Another limitation of this study is that cross-sectional data are used rather than longitudinal data. The functional patterns estimated in this study can be assumed to occur over the lifetime of an individual. On the other hand, since there are individual differences in the rate of aging, the use of cross-sectional data may be one reason why the results of this study are not so stable. Although it is difficult to obtain longitudinal methylome data spanning human ages from young to old, it would be meaningful to apply DICNAP to longitudinal omics data.
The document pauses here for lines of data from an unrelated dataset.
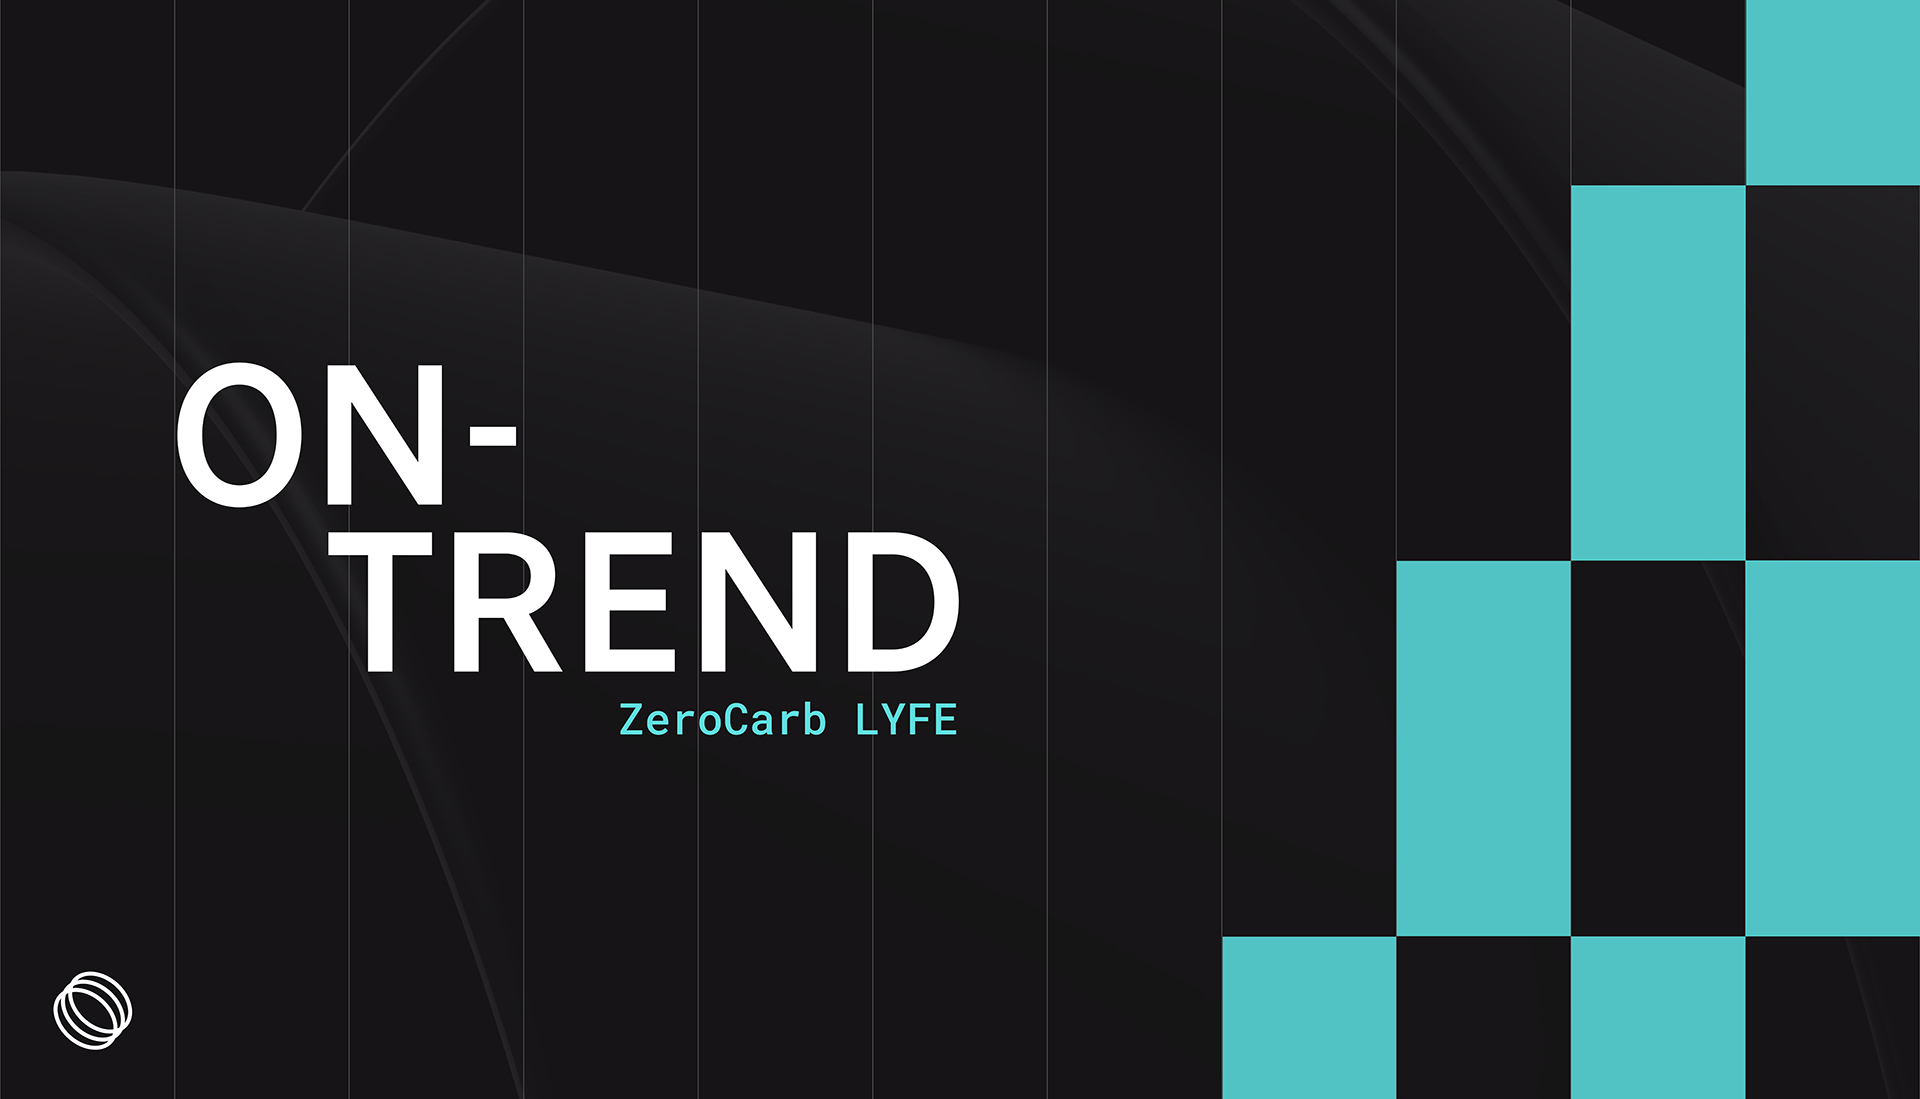 On trend blog about Render Capital Portfolio Company ZeroCarb Lyfe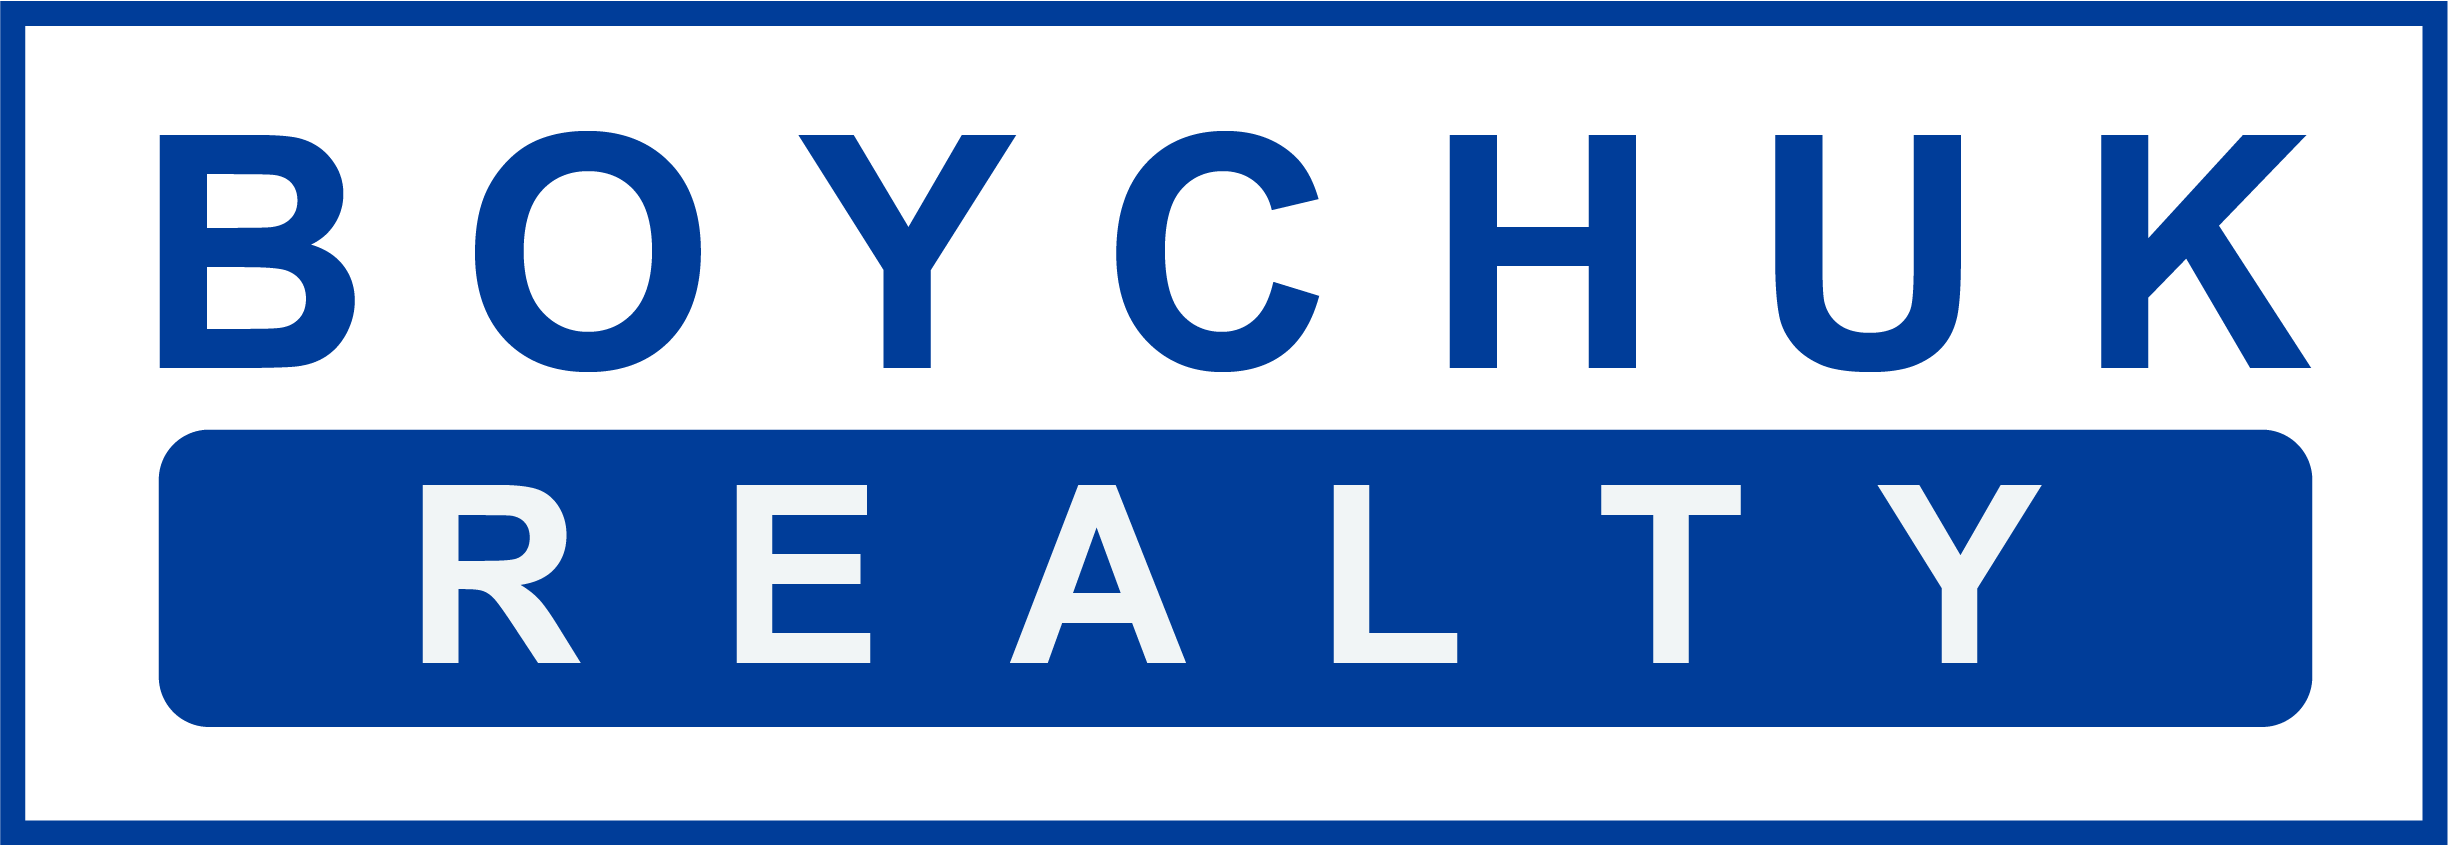 Boychuk Realty Ltd. - Mike Boychuk Team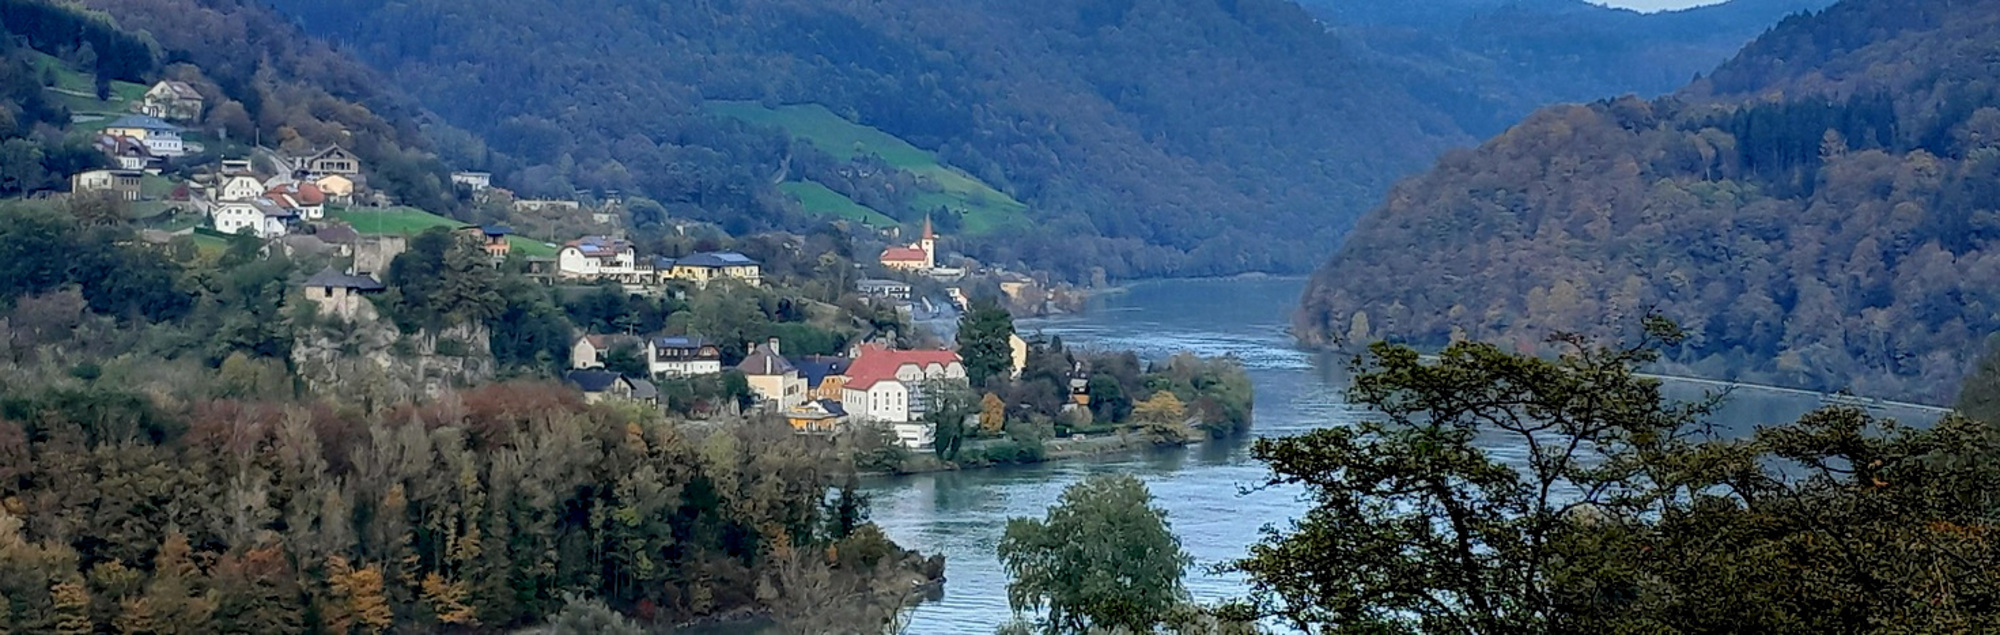 Pfarrgemeinde St. Nikola an der Donau

Interpreting the results of this study in terms of cellular subsets is an important issue for future study. The changes in bulk methylation levels are expressed as a mixed effect of changes in the proportion of cell subsets and cell subset-specific methylation changes [30]. A deconvolution approach using cellular subsets and based on methylome data would be effective for obtaining information on cell subset composition [31, 32]. In addition, recent studies have been employed cytometry and scRNA-seq approaches on a large scale; such findings allow us to directly obtain information on cellular heterogeneity [33,34,35]. Understanding of the biological mechanisms underlying the methylation biomarkers associated with aging would be greatly enhanced if the details of cell subset proportions and subset-specific nonlinear aging changes were known.

In recent years, attention has focused on the combined analysis of data from multiple omics layers, such as the epigenome, transcriptome, proteome, metabolome, and somatic genome [36]. DICNAP can be applied to a variety of aging omics data that are not limited to the methylome. An approach based on aging patterns across omics layers, including phenomics, is expected to provide a new direction for the construction of aging theory.

Conclusion

In this study, we developed a novel computational method, called DICNAP, to identify biomarkers associated with aging and to clarify the potential patterns of changes that emerge during aging in a data-driven manner. By applying DICNAP to DNA methylome data, we clarified the landscape of associations between DNA methylation and aging and identified the representative pattern of age-related changes in methylation intensity and variability. DICNAP can be used to elucidate the landscape of different aging-related changes and to contribute to a theoretical understanding of the aging process.

Methods

DNA methylome dataset

We obtained the large-scale DNA methylome datasets from Illumina HumanMethylation450 BeadChips in previous aging studies from the NCBI GEO database(GSE87571 [12] and GSE40279 [13]). We renamed GSE87571 and GSE40279 as Dataset1 and Dataset2, respectively. These datasets were selected using the following procedure. First, we searched for “(GPL13534 [GEO Accession Number] ) AND aging” in the NCBI GEO database, sorted the output by sample size, and used the top two datasets as Dataset1 and Dataset2, respectively.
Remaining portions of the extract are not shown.